Looks like this is just a clone of pre-commit, with the same general design.

> pre-commit is a framework to run hooks written in many languages, and it manages the language toolchain and dependencies for running the hooks

The “and” here are the main annoyances with pre-commit. It does too many things, which would each be best served by a separate tool.

As a developer working on a project, I already have mechanisms to set up a development environment. Having pre-commit install another copy of the dev environment is redundant, and typically necessitates duplicating dependency declarations too.

I’d much rather see a tool that focuses on running commit hooks, while leaving dependency management to another tool. Most projects already have something in place anyway, since dependencies are necessary for development beyond the scope of pre-commit hooks.

The really useful part of pre-commit is that it: (1) only runs hooks based on file that changed and (2) stashes all unstaged changes and untracked files.

move-on-by

Interesting timing since the pre-commit author recently said it’s more or less been in maintenance mode but is now interested in adding new features.
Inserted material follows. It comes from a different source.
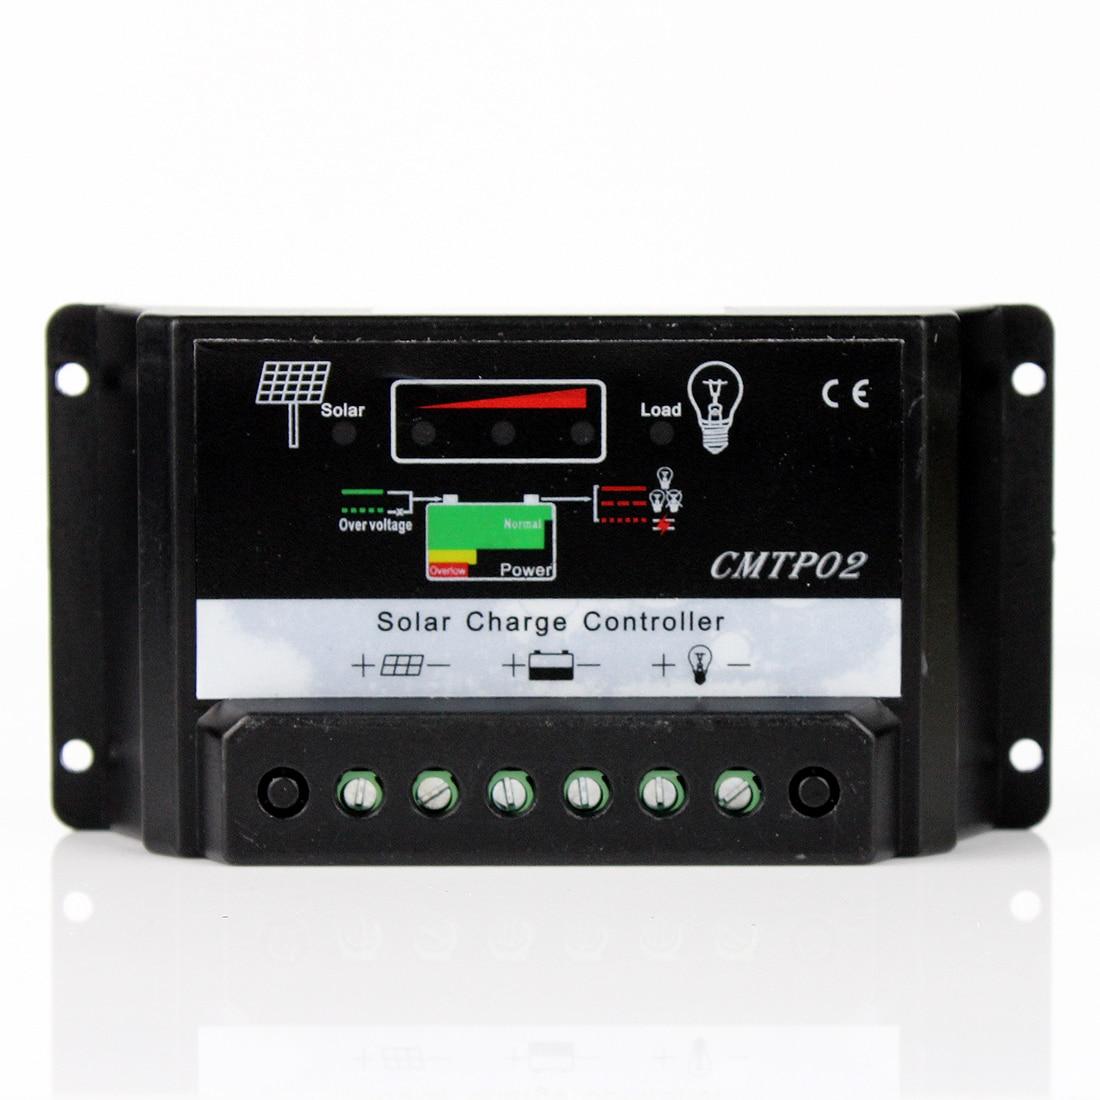 高品質 10A Mppt 太陽電池充電コントローラレギュレータ 12V 24V オートスイッチ M00 PK 2015 新

For me, I would say the most intriguing feature is no Python dependencies.

matthewfcarlson

I didn’t think pre-commit was that slow but I’ll admit I am intrigued. UV has been a godsend so why not?

emschwartz

Agreed. For a Rust project, running Clippy and rustfmt is slow, but I’d be surprised to learn that pre-commit itself was a non-negligible part of that.

rtyu1120

I wish there's a better comparison to other native solutions like lefthook. I assume the builtin hooks is a core differentiator but I'm not sure if this would be useful outside the Python community.